The court concluded that from the record, it was clear Aventis was fully aware that the relief they requested in their Petition was contrary to FDA law and practice.  Thus the court held that Aventis was not entitled to summary judgment on plaintiffs’ sham litigation claim because there were genuine issues of fact with respect to Avantis’s objective basis for filing the Petition.

Aventis’s Argument for Summary Judgment on Causation

The court next turned to Avantis’s second ground for summary judgment – that plaintiffs were unable to show that the Citizen Petition in fact delayed the ANDAs.  To show causation, the court stated that plaintiffs were required to demonstrate that the injuries they alleged would not have occurred but for Avantis’s antitrust violation.  Avantis argued that there were alternative bases for the delay of ANDA approvals.  First, Avantis argued that the any delay was due to the FDA’s "cluster review" of the ANDAs, as evidenced by the approval of all six generic applications a day after the last generic manufacturer agreed to certain toxicity specifications.  Second, Avantis argued that the common deficiencies addressed and amended by the FDA were responsible for any delay, and not the Petition.

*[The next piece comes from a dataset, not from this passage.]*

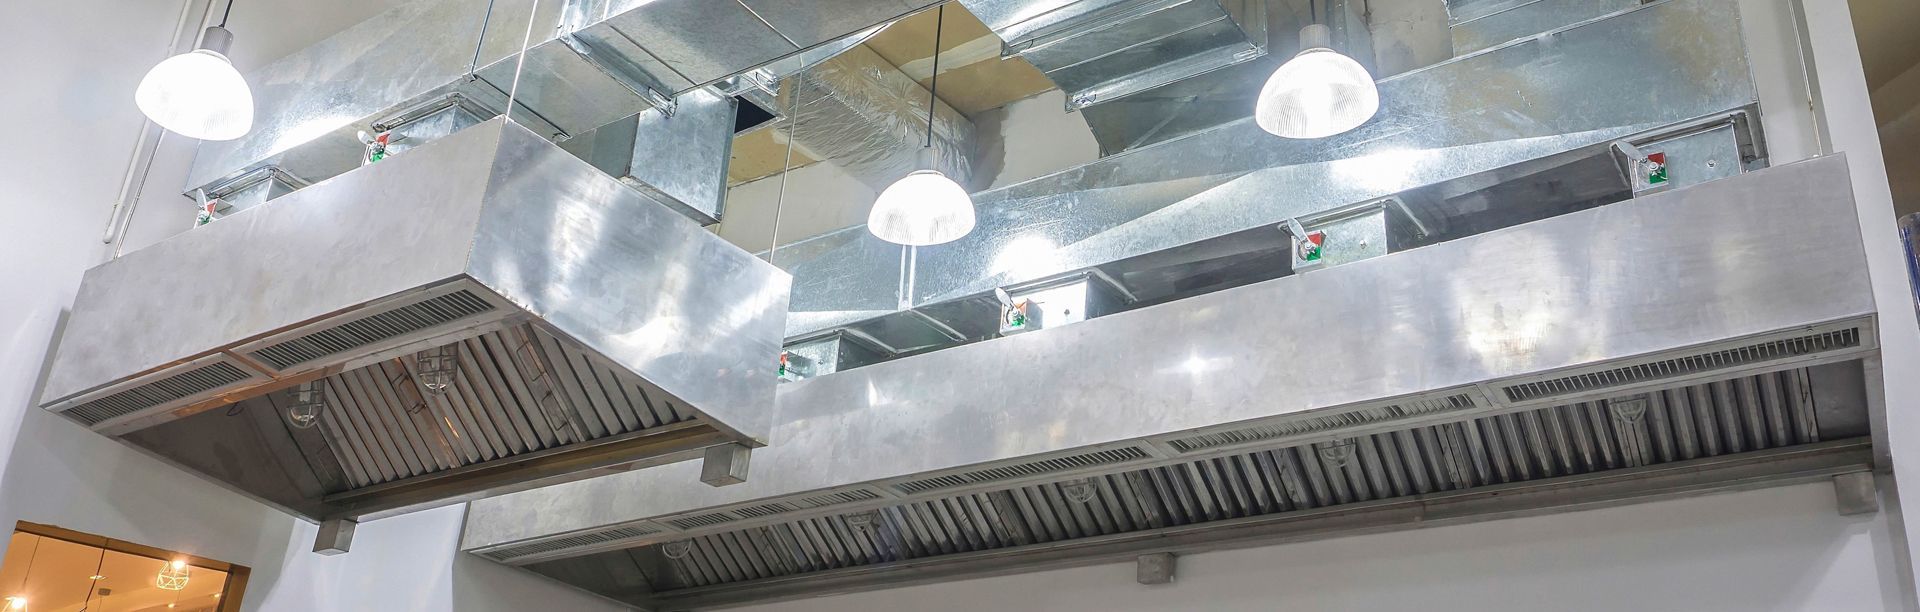 Restaurant ventilation system
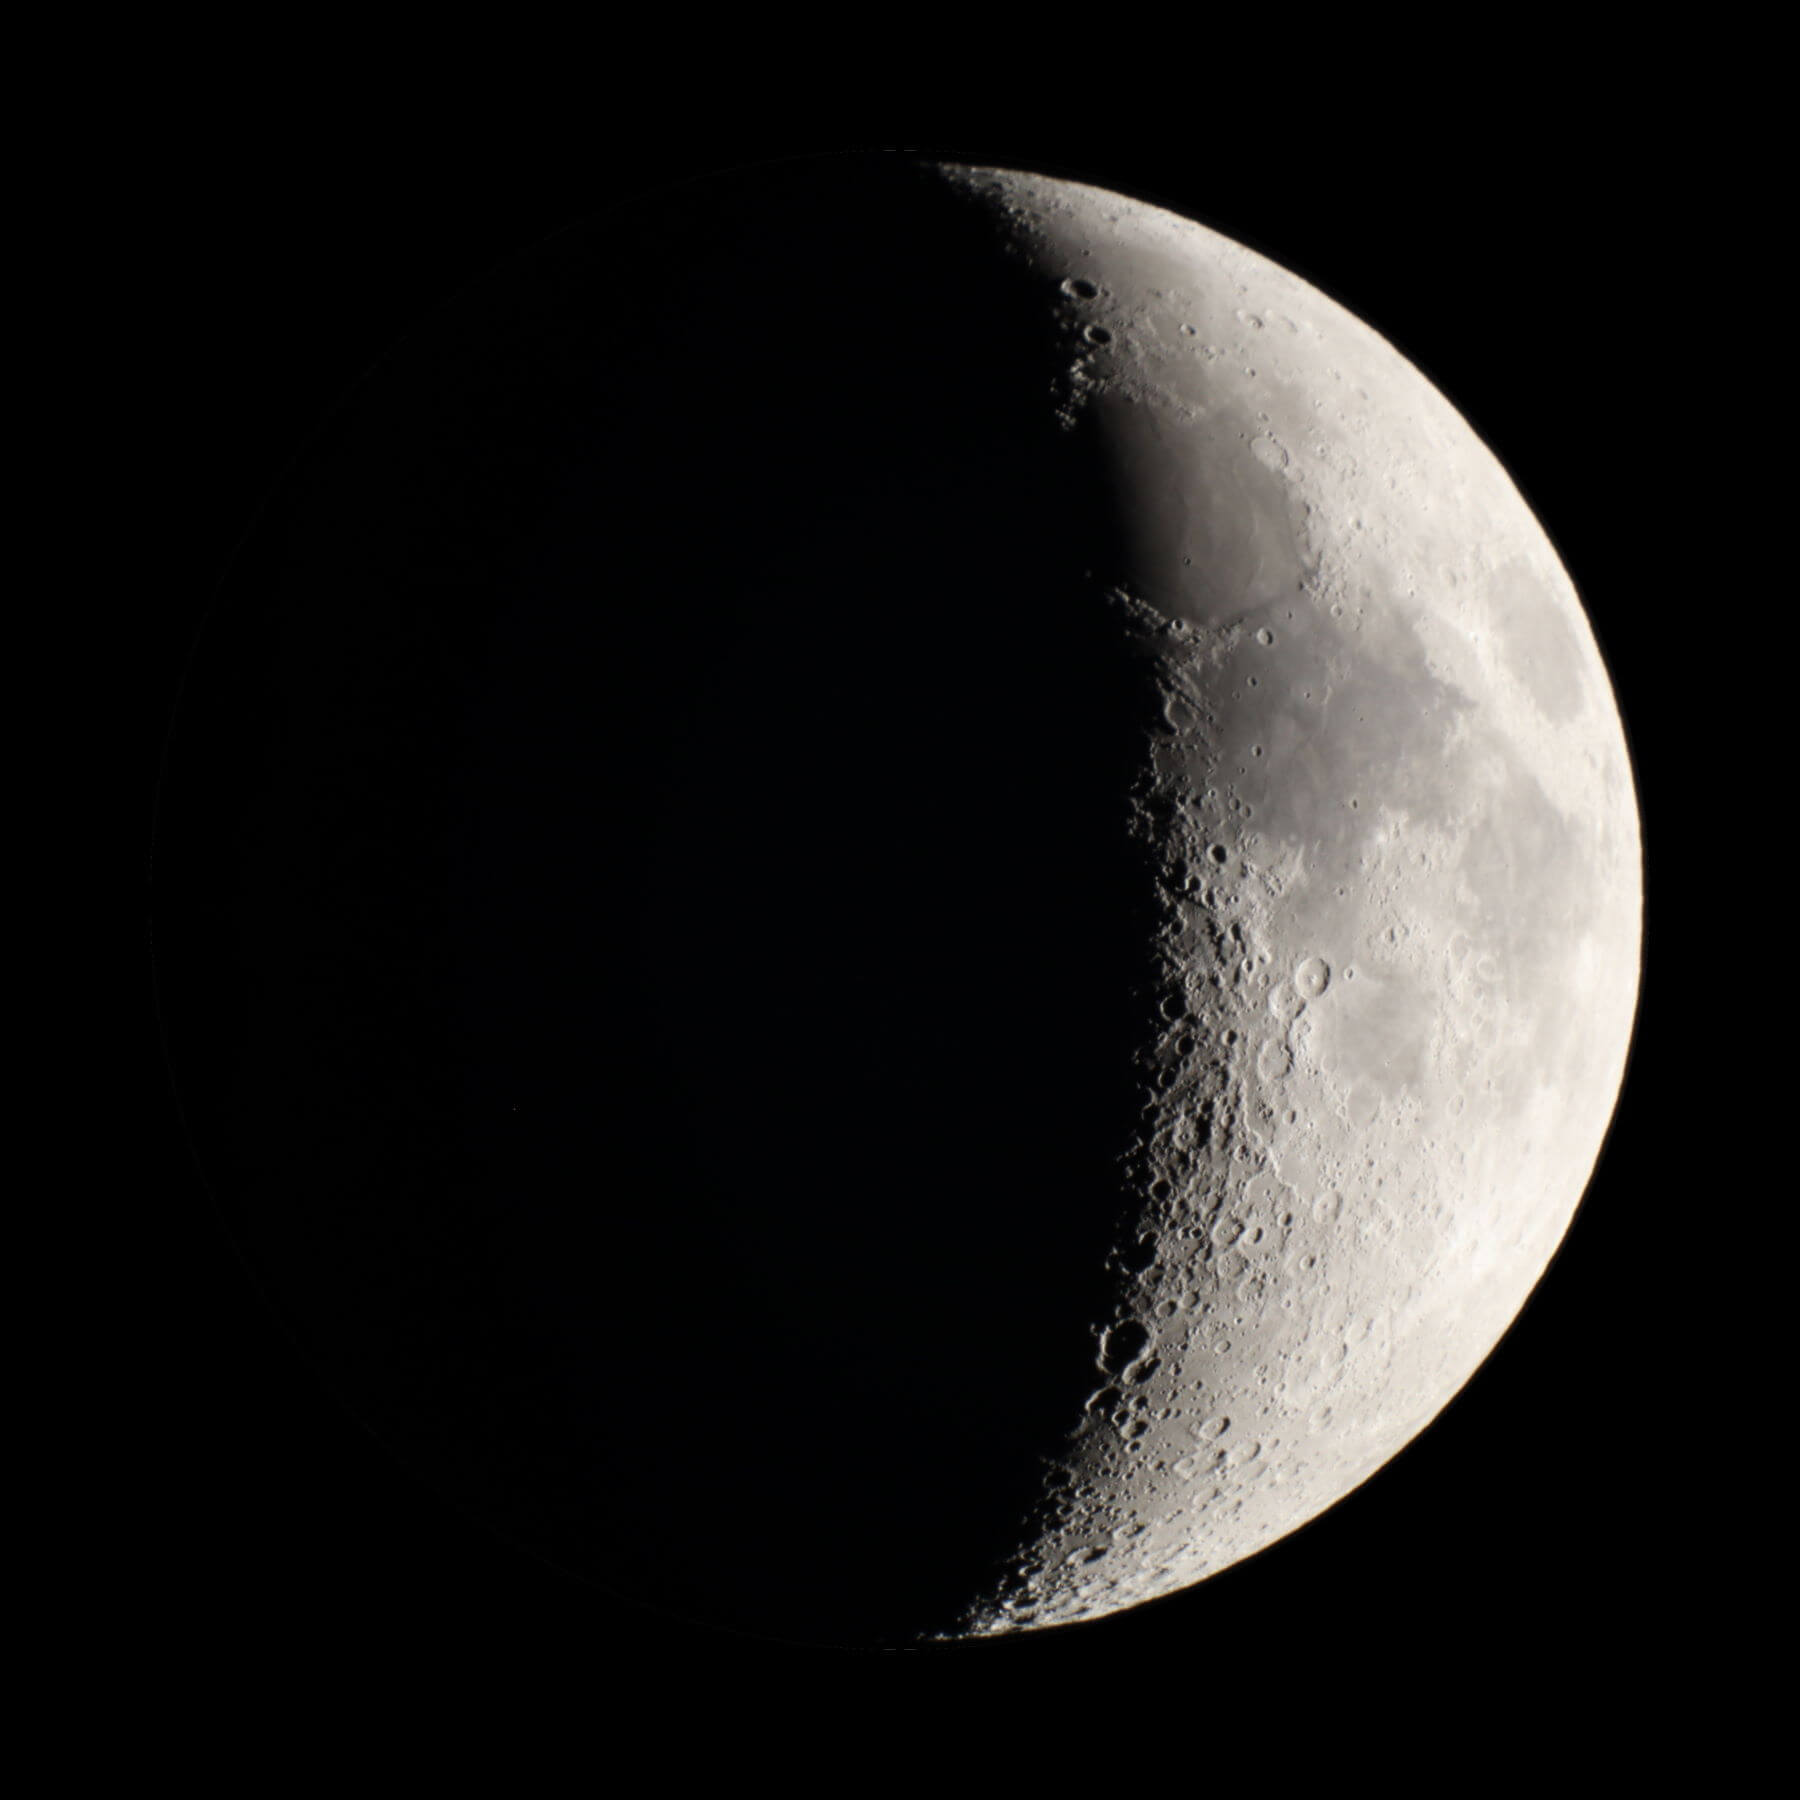 Waxing crescent Moon, 31% illumination

The court stated that whether or not the FDA reviewed the six ANDAs in a cluster, it doubted that the FDA would delay approval of one ANDA that was ready in order to await the approval of all ANDAs in a cluster because this would violate FDA regulations and undermine the purpose of cluster review, which is to expedite the introduction of cheaper generic drugs in the marketplace.  Second, the court found that the deficiencies raised after the Petition was filed were only minor issues and could arguably have been approved quickly via "Minor" or "Telephone" amendments either before or after approval pursuant to FDA regulations.  From the record, the court determined that there was nothing else in effect to block the applications and that at a minimum it was a jury question.